Re: [PATCH] MMIO should have more priority then IO

From: Nadav Amit
Date: Fri Jul 08 2022 - 12:45:08 EST

On Jul 8, 2022, at 5:56 AM, Matthew Wilcox <willy@xxxxxxxxxxxxx> wrote:

> And looking at the results above, it's not so much the PIO vs MMIO
> that makes a difference, it's the virtualisation. A mmio access goes
> from 269ns to 85us. Rather than messing around with preferring MMIO
> over PIO for config space, having an "enlightenment" to do config
> space accesses would be a more profitable path.

I am unfamiliar with the motivation for this patch, but I just wanted to
briefly regard the advice about enlightments.

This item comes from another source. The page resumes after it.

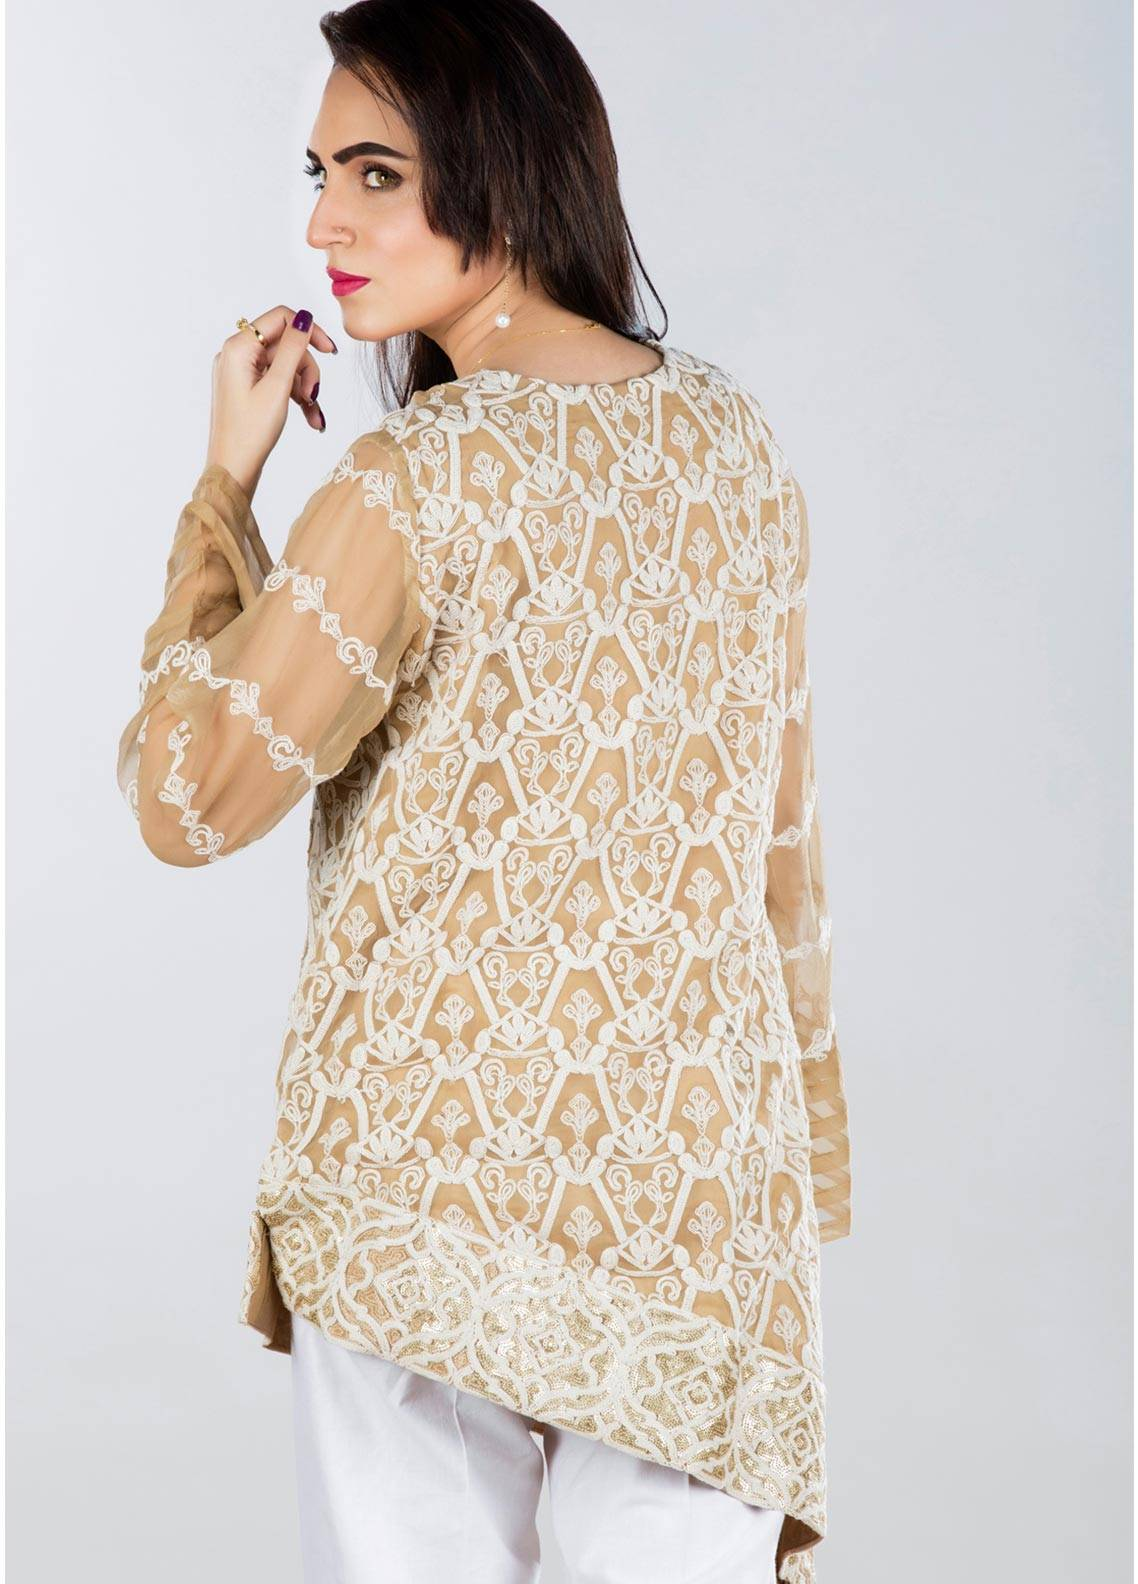 Sheqe Embroidered  Stitched Kurtis SHQ18K C-009 FAWN

“enlightenment”, AFAIK, is Microsoft’s term for "para-virtualization", so
let’s regard the generic term. I think that you consider the bare-metal
results as the possible results from a paravirtual machine, which is mostly
wrong. Para-virtualization usually still requires a VM-exit and for the most
part the hypervisor/host runs similar code for MMIO/hypercall (conceptually;
the code of paravirtual and fully-virtual devices is often different, but
IIUC, this is not what Ajay measured).

Para-virtualization could have *perhaps* helped to reduce the number of
PIO/MMIO and improve performance this way. If, for instance, all the
PIO/MMIO are done during initialization, a paravirtual interface can be use
to batch them together, and that would help. But it is more complicated to
get a performance benefit from paravirtualization if the PIO/MMIO accesses
are “spread”, for instance, done after each interrupt.

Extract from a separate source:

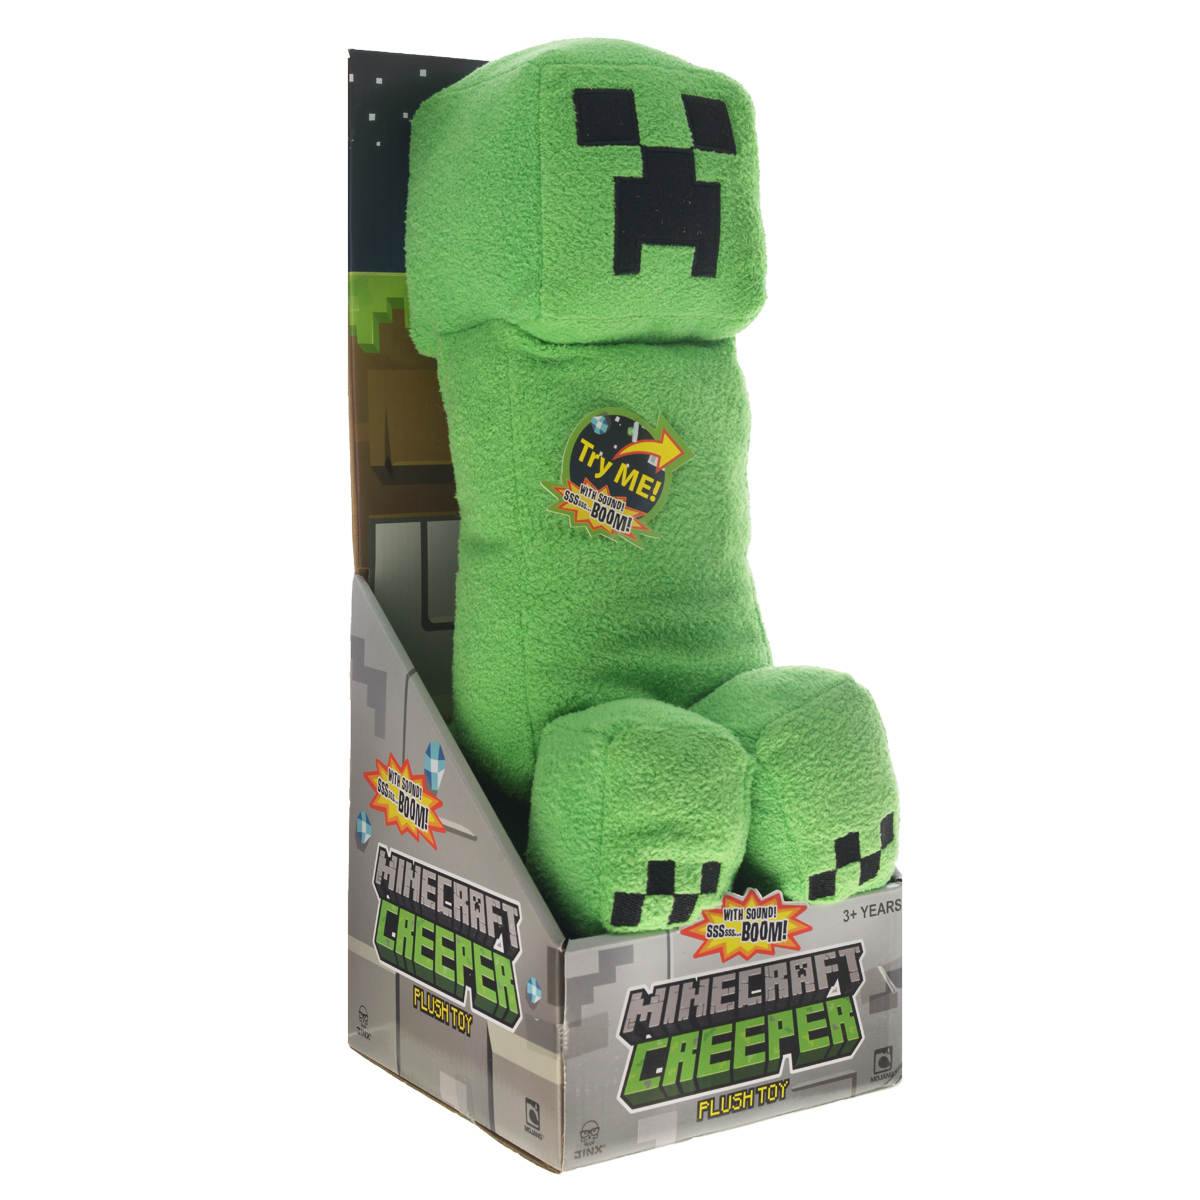 интернет магазин майнкрафт игрушки дешево души вам

Para-virtauilzation and full-virtualization both have pros and cons.
Para-virtualization is many times more efficient, but requires the VM to
have dedicated device drivers for the matter. Try to run a less-common OS
than Linux and it would not work since the OS would not have drivers for the
paras-virtual devices. And even if you add support today for a para-virtual
devices, there are many deployed OSes that do not have such support, and you
would not be able to run them in a VM.

Regardless to virtualization, Ajay’s results show PIO is slower on
bare-metal, and according to his numbers by 165ns, which is significant.
Emulating PIO in hypervisors on x86 is inherently more complex than MMIO, so
the results he got would most likely happen on all hypervisors.

tl;dr: Let’s keep this discussion focused and put paravirtualization aside.
It is not a solution for all the problems in the world.